THE SONIC BOOMER
Did you enjoy the Fourth of July? I hope so, because there’s nothing exciting on the calendar now until Halloween.
That’s where “make your own fun” comes in. Let me tell you about it…
Long, long ago, before there were video games you could play on your phone, before both parents needed to work 50 weeks in a row in order to afford two weeks off, before bureaucrats began inching the school calendar toward year-round school, boys and girls had a summer vacation that extended almost from Memorial Day to Labor Day — three whole months! It was glorious!
Just like the kids of today, we would explode out of the building when the bell rang on that last day of school, and race home to begin all the adventures we’d been thinking about during the school year when we were supposed to be concentrating on arithmetic.
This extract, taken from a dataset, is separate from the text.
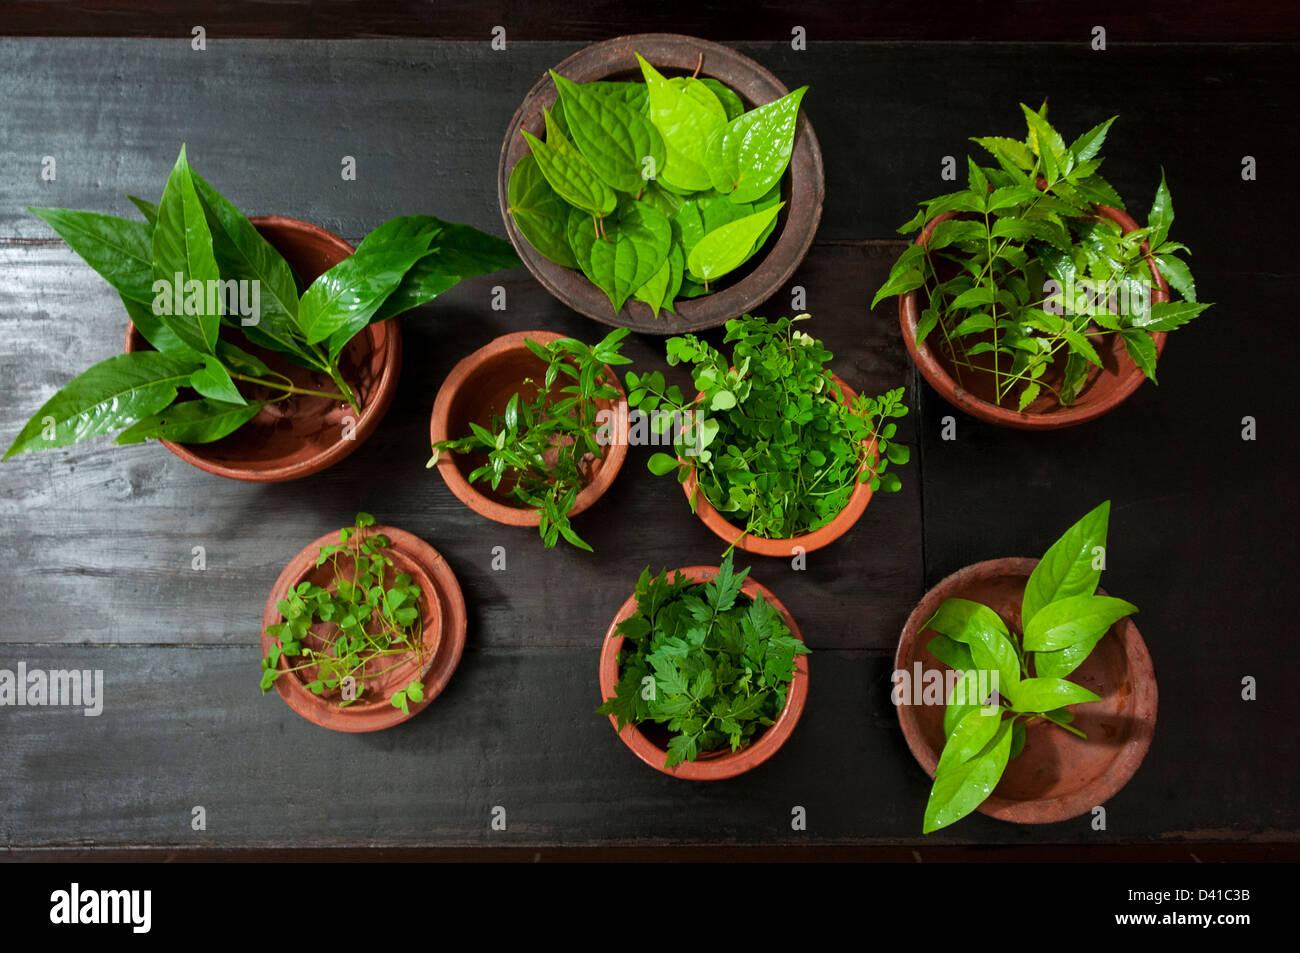 Le erbe medicinali vegetali conservati su pentole, utilizzato per la fabbricazione di medicine per l'ayurveda Immagini Stock

We had plans. Big plans.
Our plan for the first day was to simply do nothing. We slept late, ate some Cheerios in front of the TV and put on jeans and a T-shirt at about 10 a.m. Mom let us hang out… that first day.
The second day, she was vacuuming under us as we watched TV and nagging us early to get dressed and go outside, culminating with a threat to trap us in the house as she was “getting ready to scrub the kitchen floor.”
Even though we were having a pretty good time inside, no one wanted to be trapped in there, so out we went.
We were already missing our friends, so we hopped on our bikes and made the rounds. Who was home? Who was outside? Who was up for some fun?
The summer started slowly, with bike rides to the shopping center (no malls yet) or the park, but quickly ramped up from there. Soon we were skateboarding over homemade ramps, building bicycles with inverted forks, camping outside with a fire in the barbecue pit and water in the (inflatable) pool. We’d hold a circus or world’s fair in the backyard, act out improvisational plays in the space between our houses and eye the clothesline with every intention of walking the highwire. When I was 17, I painted my car with a powder puff — thick paint and no streaks.
When the sun set, we moved our operation indoors — riding in laundry baskets down the stairs, building model motorcycles in bottles and covering our bedroom furniture in decoupage. One summer, I recreated our church’s entire altar in a corner of my bedroom and was holding services in there until my mother shut it down under charges of blasphemy. Back to playing school.
School? Yes. After three months of unfettered creativity, we sort of missed school — the daily schedule, the customs (like fire drills with no fire) the traditions (gulping down our lunches to get to the after-lunch movie on time) and our classmates (each with a personality so distinct we remember it to this day).
School shaped us into who we are today — but so did summer vacation. Long may it reign.